Friday, September 2, 2011

Sarajevo, I wish I knew you

On the road again. This time in Sarajevo, capital of Bosnia and Hercegovina. See the previous where I am blog post for general political geography of the region. BiH, of course, has it’s own much more complicated political geography that fell out of the split up of the former Yugoslavia, ethnic cleansing, and the Dayton Peace Accords which tried to put humpty-dumpty (BiH) together again. It is a country of contradictions -- the one former Yugoslav state which has a minority-majority population -- where the various ethnic communities have historically mixed and mingled – and where many divisions of the war remain apparent and divide the country making governance a tragic comedy.

If this is so, Sarajevo too is a city of contradictions in ways both parallel and divergent. Once a beautiful city of ethnic coexistence that brought the world the Sarajevo Hagadah, and the 1984 Winter Olympics. And yet such a fraught and terrible history – WWI (which began here with the assassination of Archduke Franz Ferdinand), WWII, and most recently a bitter war of ethnic cleansing that destroyed a country. The city of the Sarajevo Hagadah no longer exists – three wars in one century withered the Jewish community beyond recognition. The city of the 1984 Olympics no long exists either – it was destroyed by the war only a few years later. But it remains a fascinating and vibrant place. A place worth knowing. A place that makes you think twice and look deeply.

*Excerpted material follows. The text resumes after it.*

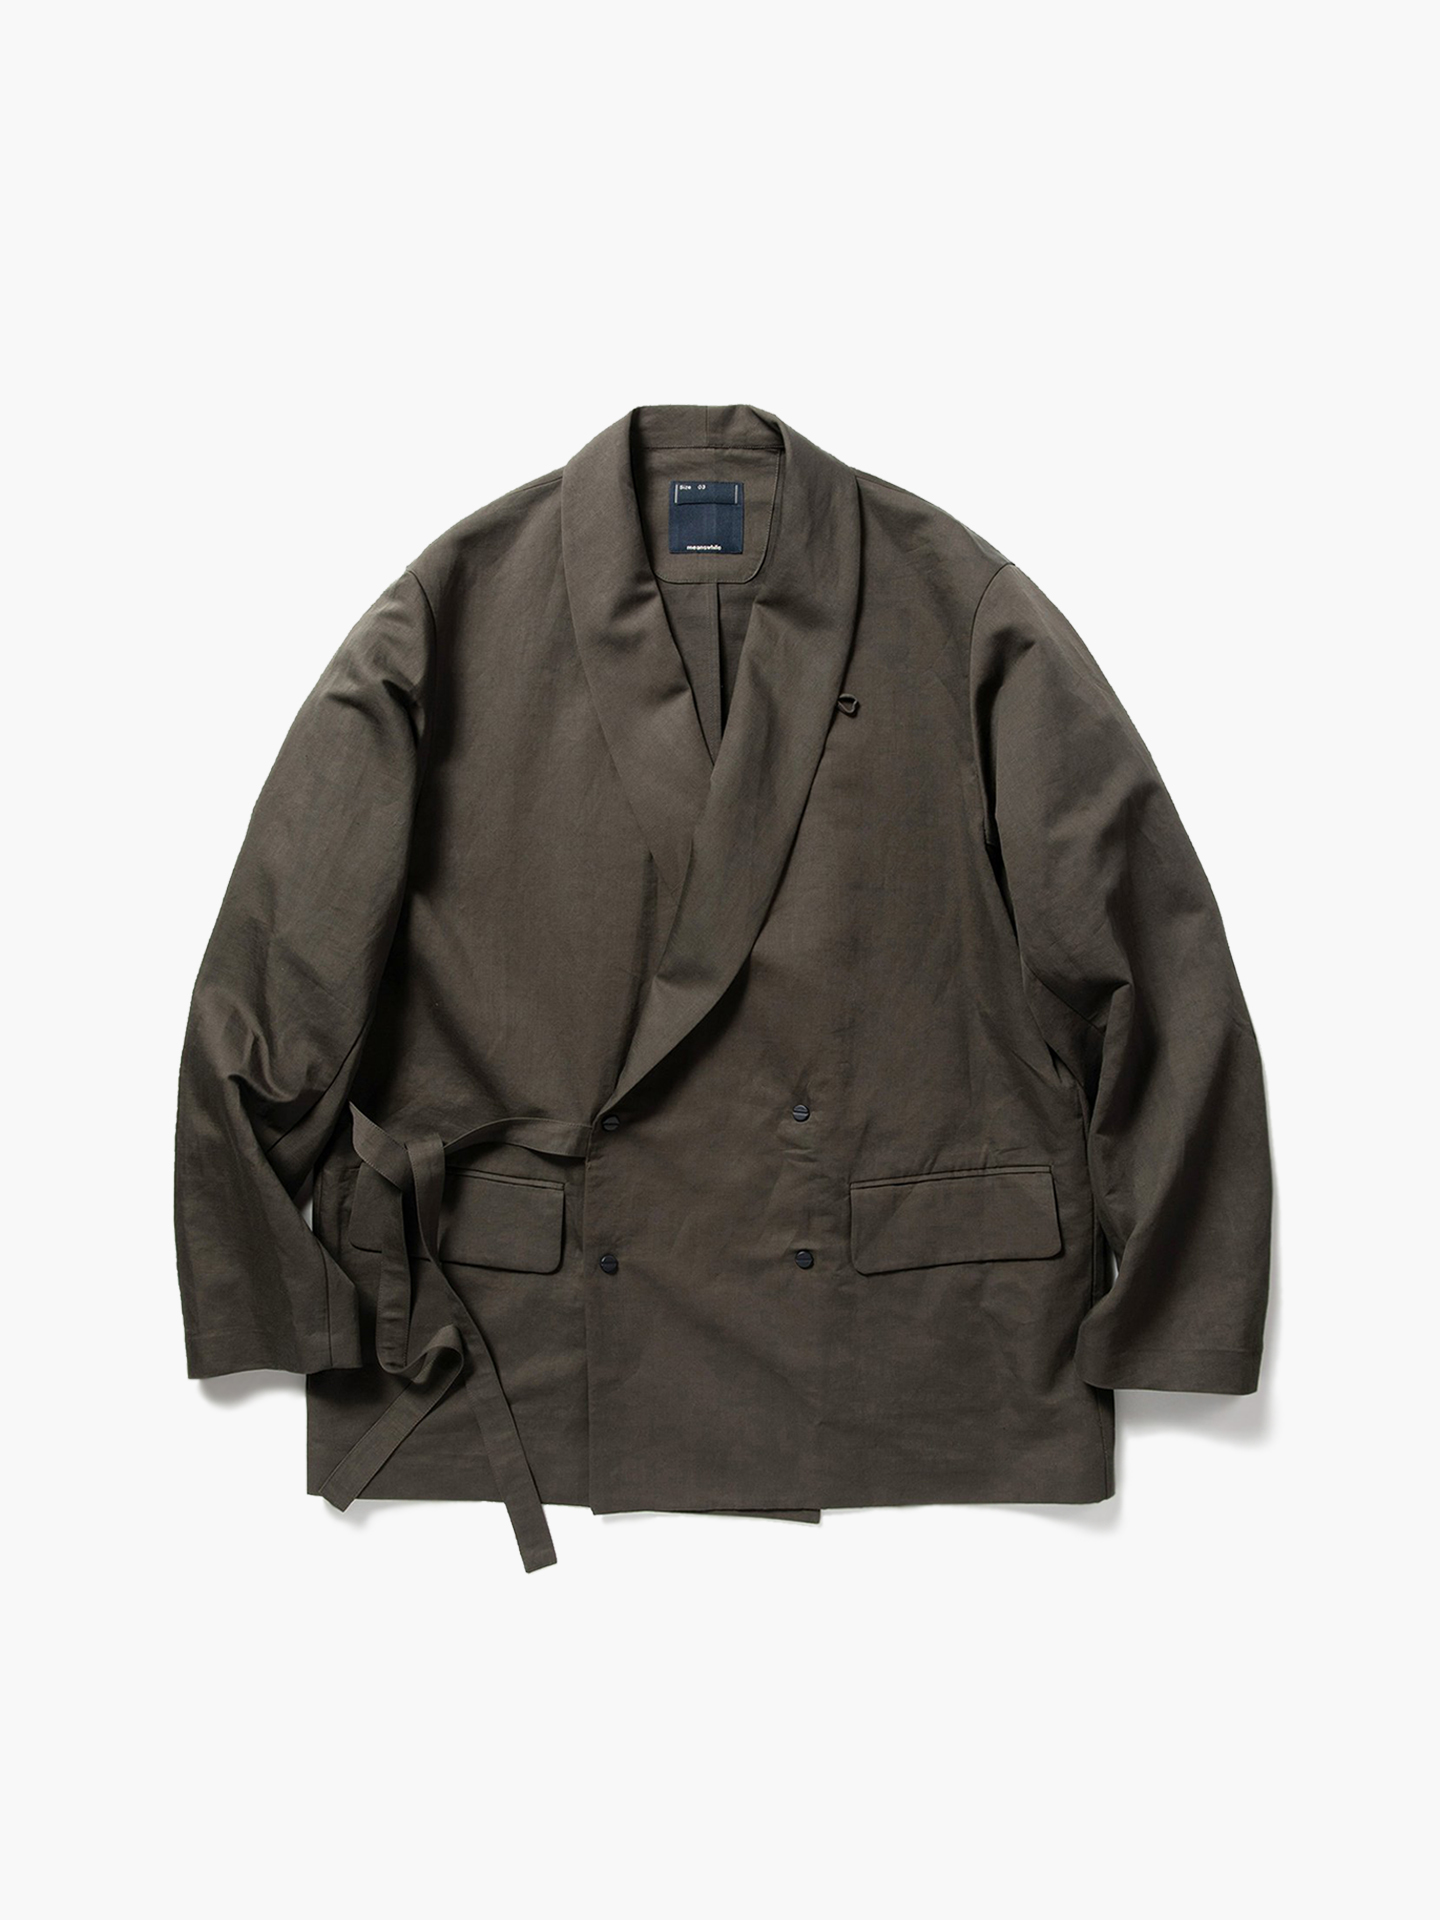 Duality Cloth Working Outfit SAMUE Куртка-пиджак, 54% лен, 46% хлопок, размер M
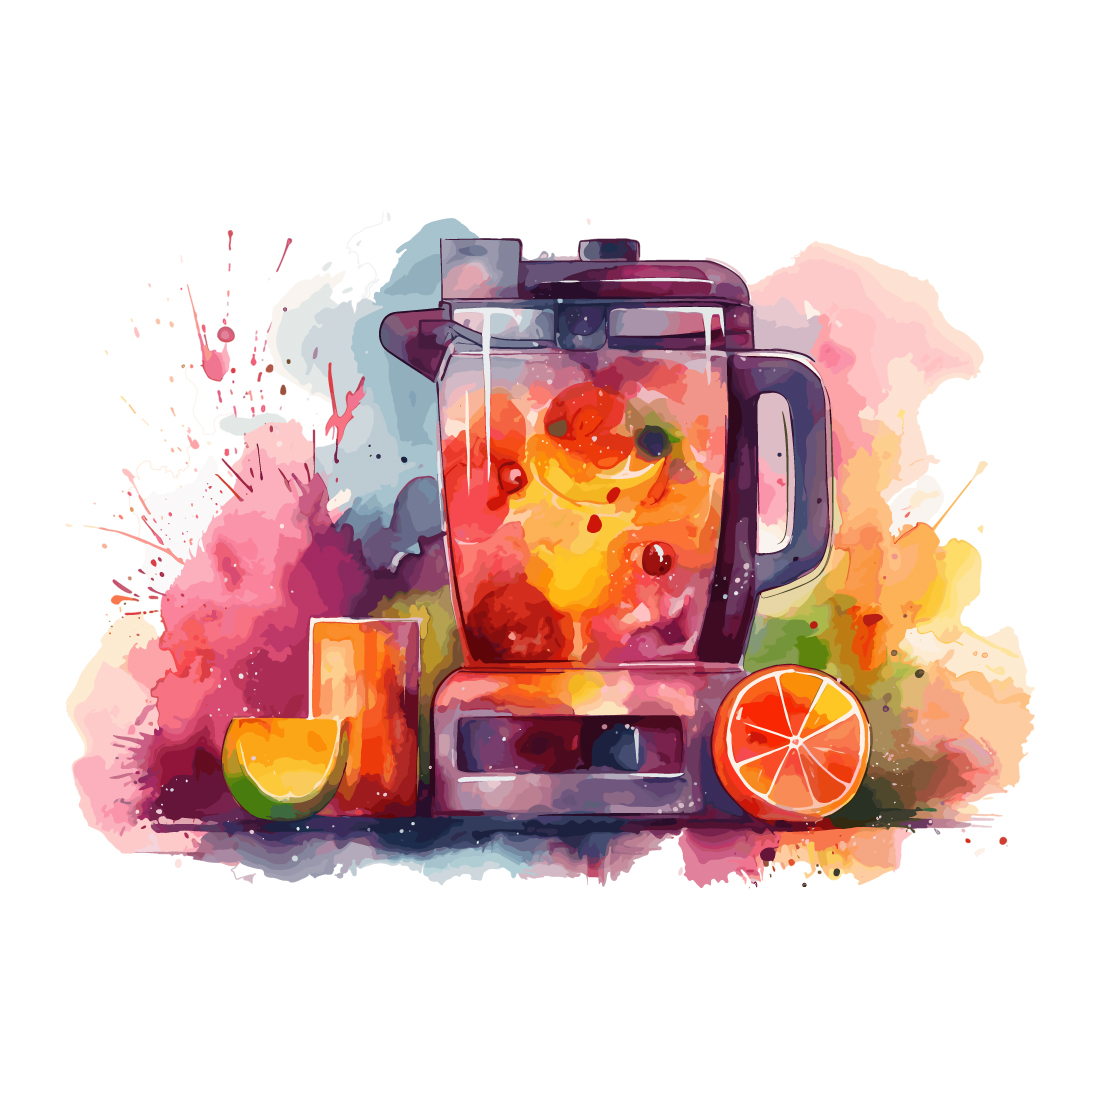 saydurf blender making juice colorful background watercolor b660683c 7439 40d6 b65a 57dc53ff7f91 691

Sarajevo wears its scars from the war but continues on; it does not look like a city destroyed (ala Detroit, for lack of a better example), nor does it look like a city re-making itself in a new image (see Pristina). It is cosmopolitan in the best sense of the word, mixing people from various ethno-national backgrounds with ease. And yet I know it is far less so than in the past. It is charmingly modern and antique all at once. A big city with the trappings of a small town. It is impossible to describe. Impossible to ignore. Impossible to truly understand. Impossible to be here and not remember so much history.